Morocco’s leading cement firm, Lafarge Ciments, reported first-half net profit up 6 percent but said this growth should fall to zero by year-end as sales growth declines and due to a special tax on cement sales.
Turnover rose 4.2 percent to 1.44bn dirhams after 8.2 per cent growth in sales volumes, said the firm, controlled by conglomerate SNI and in which Lafarge is a main shareholder.
Net profit reached 377m dirhams ($42m), the company said in a statement.
Echoing comments by analysts, Lafarge said the building industry had seen since May a "strong slowdown" which worsened in July. "(It) should limit the annual growth of our sales to five percent (in volume) compared to the previous financial year," it said.
Such growth is not enough to fully cushion the "important impact" on the company’s results of a special tax on sales.

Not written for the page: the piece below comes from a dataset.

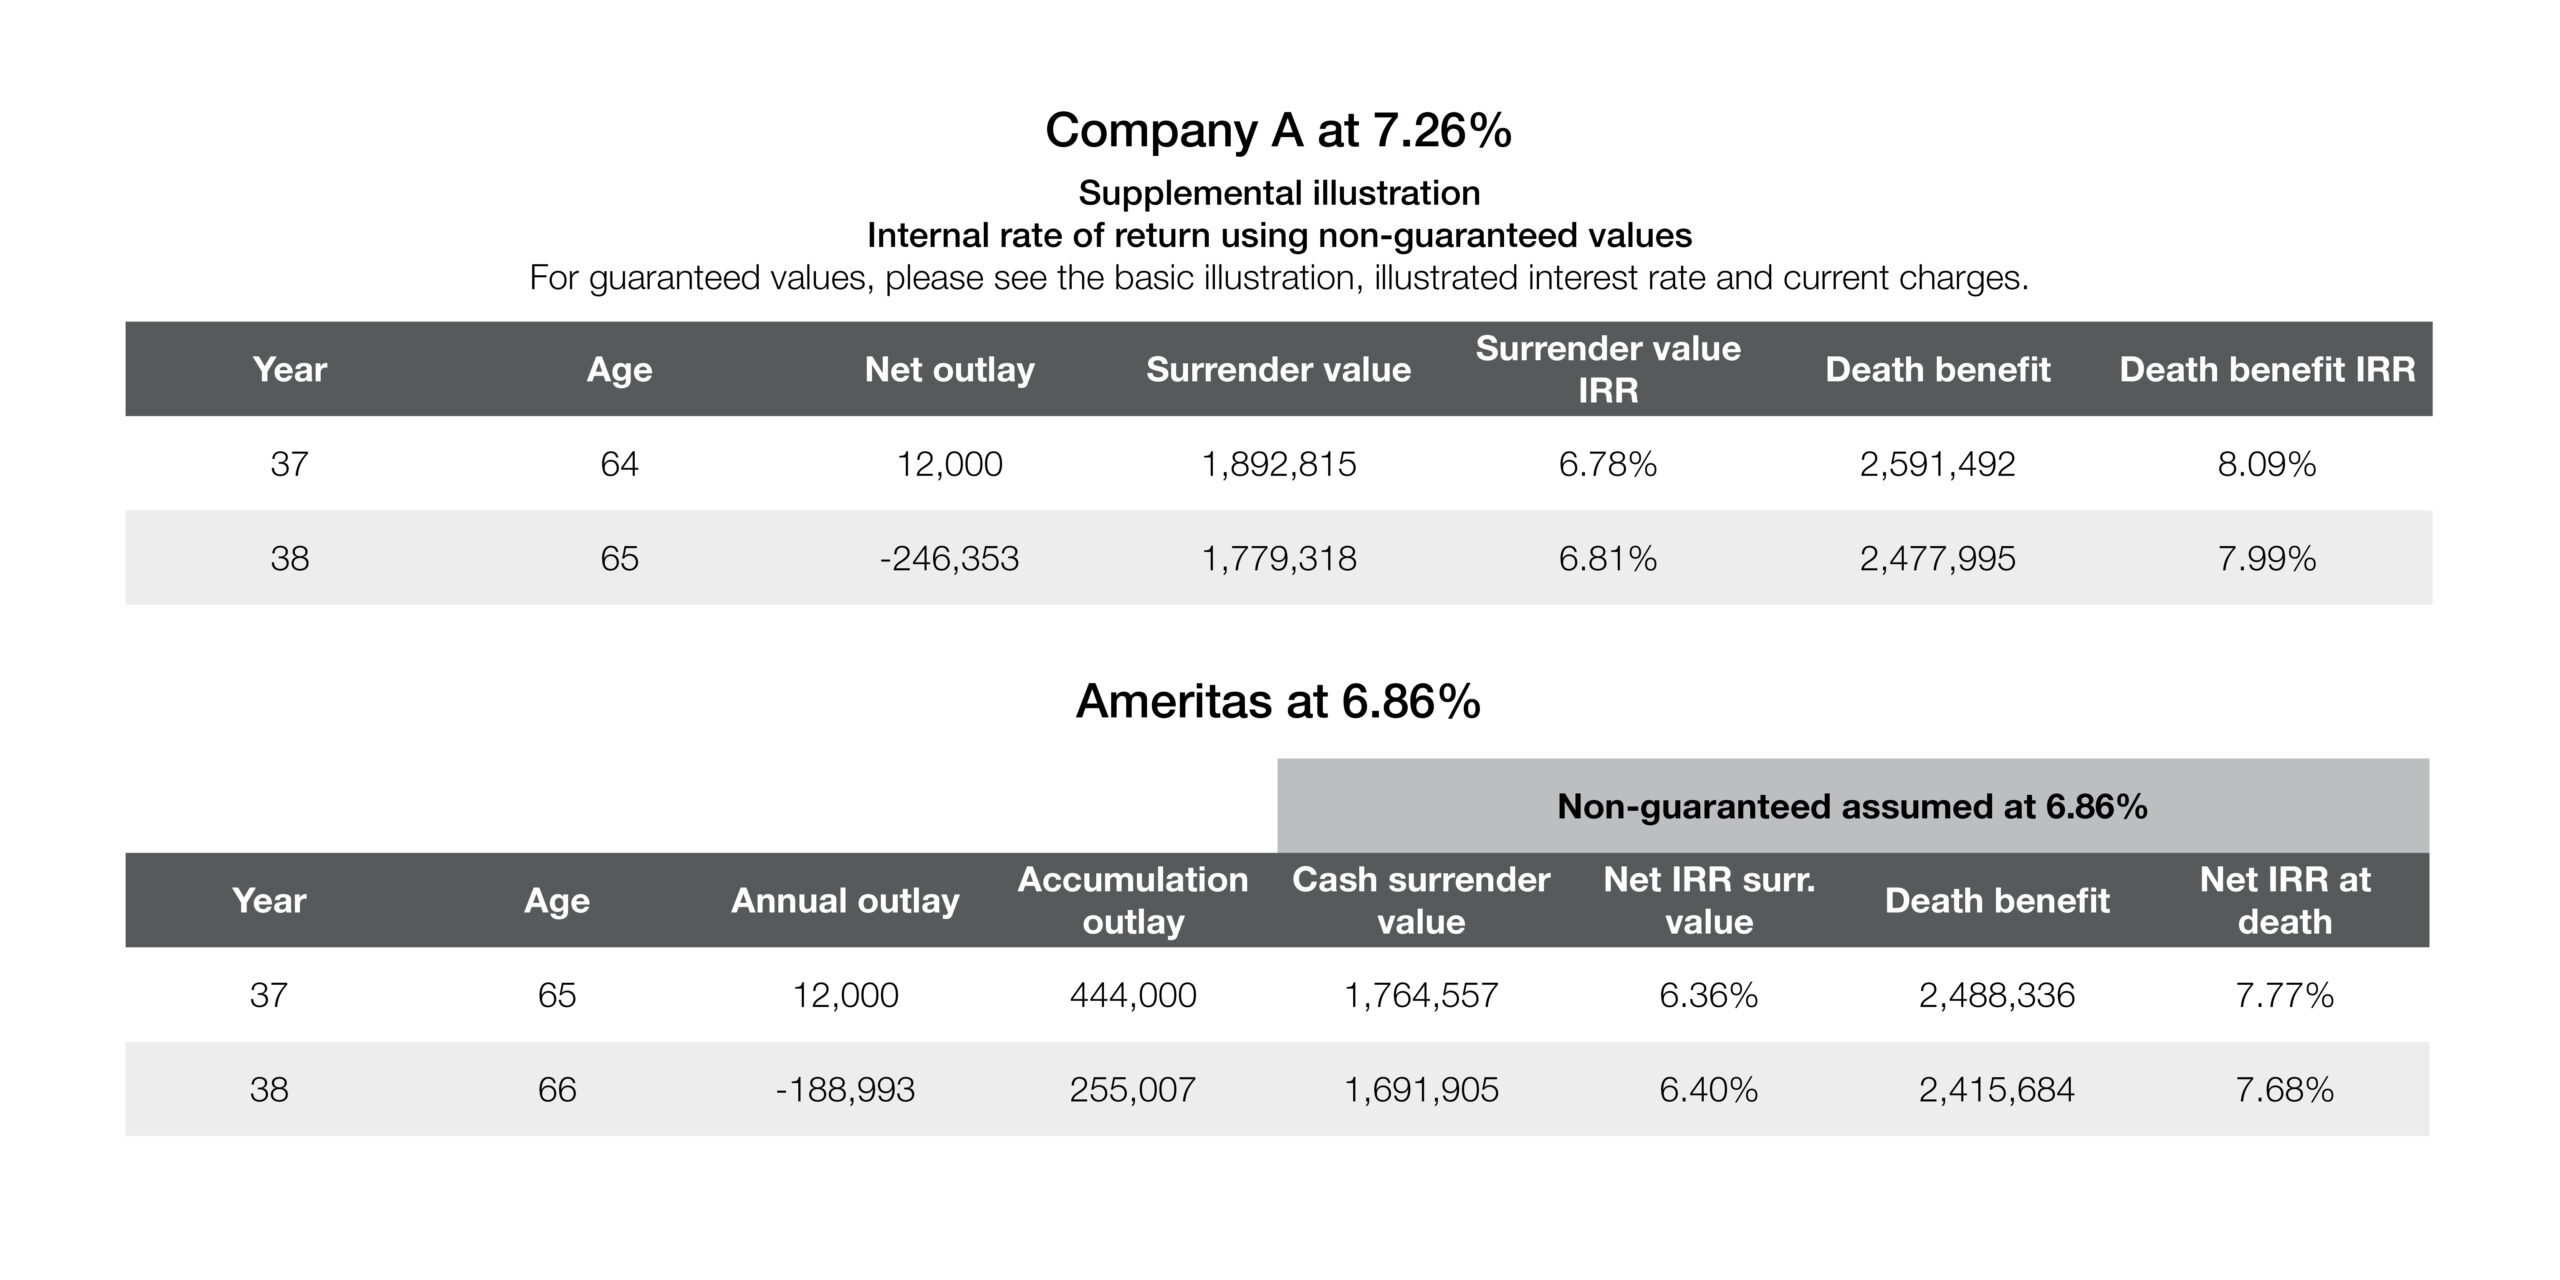 Company A at 7.26% and Ameritas at 6.86% chart

"We hope however that progress made on the productivity front would help up maintain results of 2004 at the level of those of 2003," Lafarge added.
Cement firms and the Moroccan government agreed last year to double to 100 dirhams per tonne a tax meant to generate new funds for the government’s efforts to eradicate shantytowns.
The construction sector in Morocco has been growing rapidly over the past two years, helped by housing projects for low-income families and development of infrastructure, mainly roads, hotels and a huge port near the northern city of Tangier.